The key aesthetic in the ggplot above is only meaningful for interactive data visualization, so it ignored when rendering with the usual R graphics devices. However, if we render this ggplot using animint2, the country variable will be used to make sure transtion durations are meaningful. To specify a default transition duration for the year variable, we use the duration option in the data viz below.

(viz.duration <- animint(scatter.key, duration=list(year=2000)))

The duration option must be a named list. Each name should be a selection variable, and each value should specify the number of milliseconds to use for a transition duration when the selected value of that variable is changed.

If you click “Show animation controls” in the data viz above, you will see that the text box for the year variable is 2000, as specified in the R code. If you change the selection from 1980 to 1981, you should see a proper transition.

In general the key aesthetic should be specified for all geoms that use showSelected with a variable that appears in the duration option. In this example, we used the duration option to specify a smooth transition for the year variable. Since we use showSelected=year in the geom_point, we also specified the key aesthetic for this geom.

3.4 Animation: the time option

The time option is used to specify a variable to use for animation. The code below specifies year as the variable to animate over time, with an update every 2000 milliseconds.

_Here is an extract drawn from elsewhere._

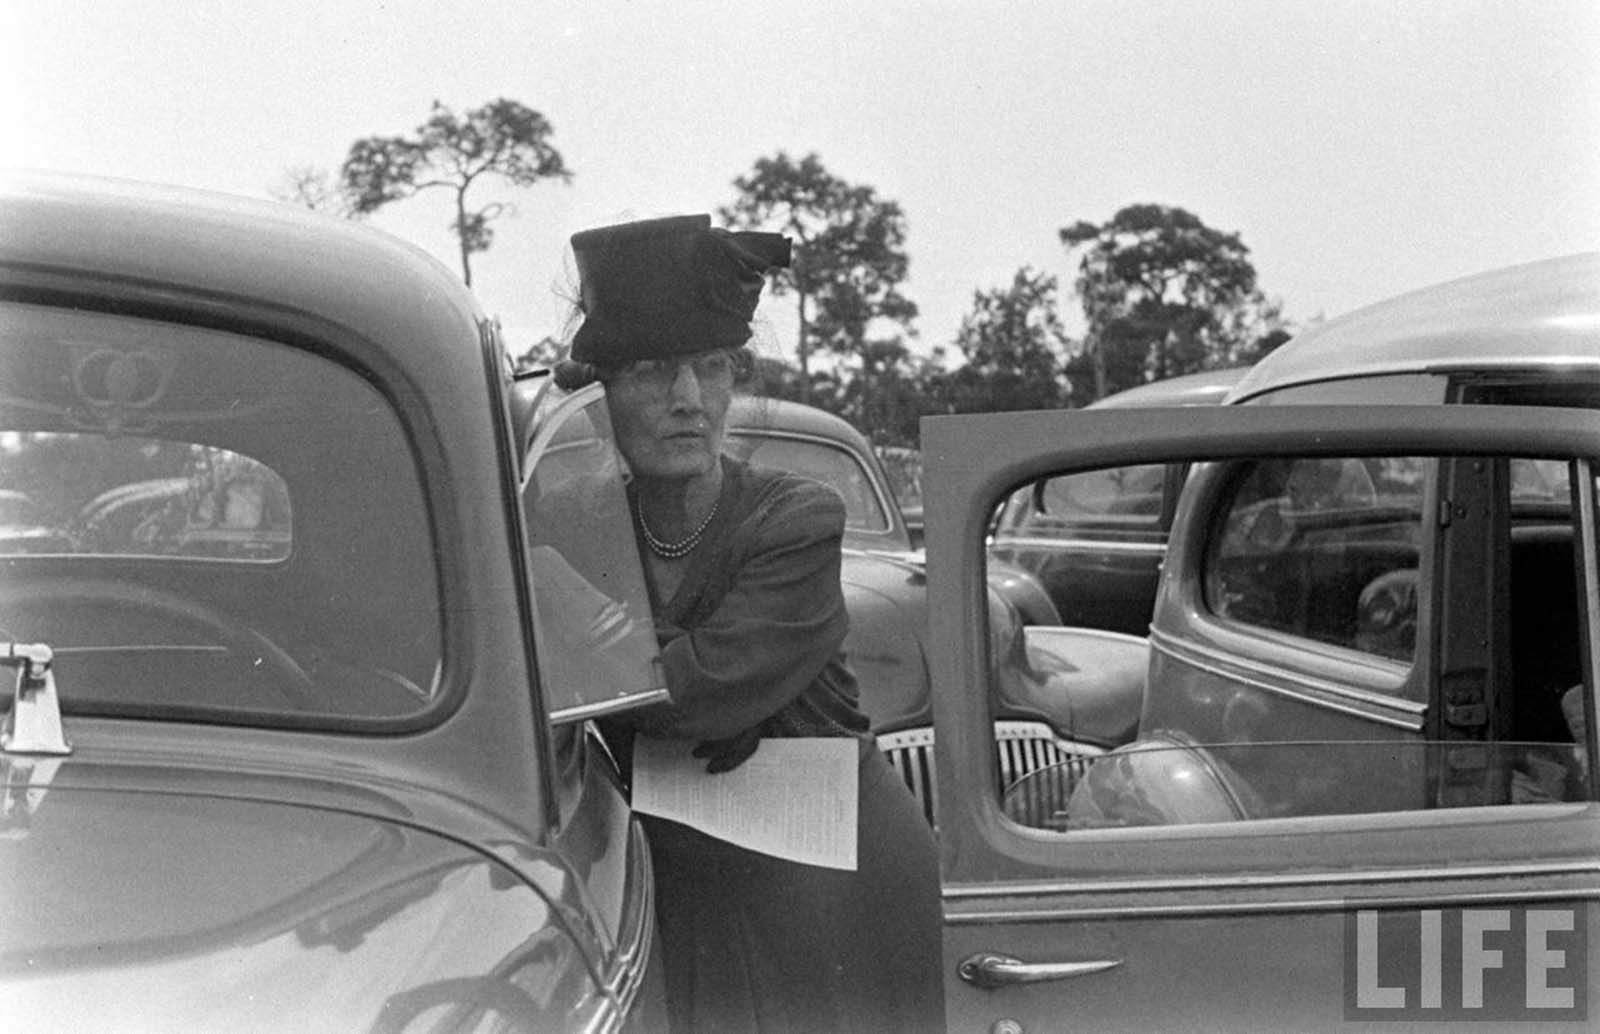 A drive-in church in Florida, 1947.

viz.duration.time <- viz.duration
viz.duration.time$time <- list(variable="year", ms=2000)
viz.duration.time

The data visualization above is animated, because the selected year advances every two seconds.

Exercise: make an animated data visualization that does NOT use smooth transitions. Hint: make a list of ggplots that has the time option but no duration option.

3.5 Chapter summary and exercises

This chapter explained the showSelected keyword, selection menus, transition durations, and animation.

Exercises:

Make an improved version of viz.aligned from the previous chapter. Instead of fixing the year at 1975, use showSelected=year so that the user can select a year. Add geoms that show the selected year: a geom_text on the scatterplot, and a geom_vline on the time series.
Translate one of the animation package examples to an animint. Hint: in the code for the animation package there is always a for loop over the time variable. Instead of calling a plotting function inside the for loop, use the list of data tables idiom to store the data that should be plotted. Then use those data along with showSelected to create ggplots, and render them using animint.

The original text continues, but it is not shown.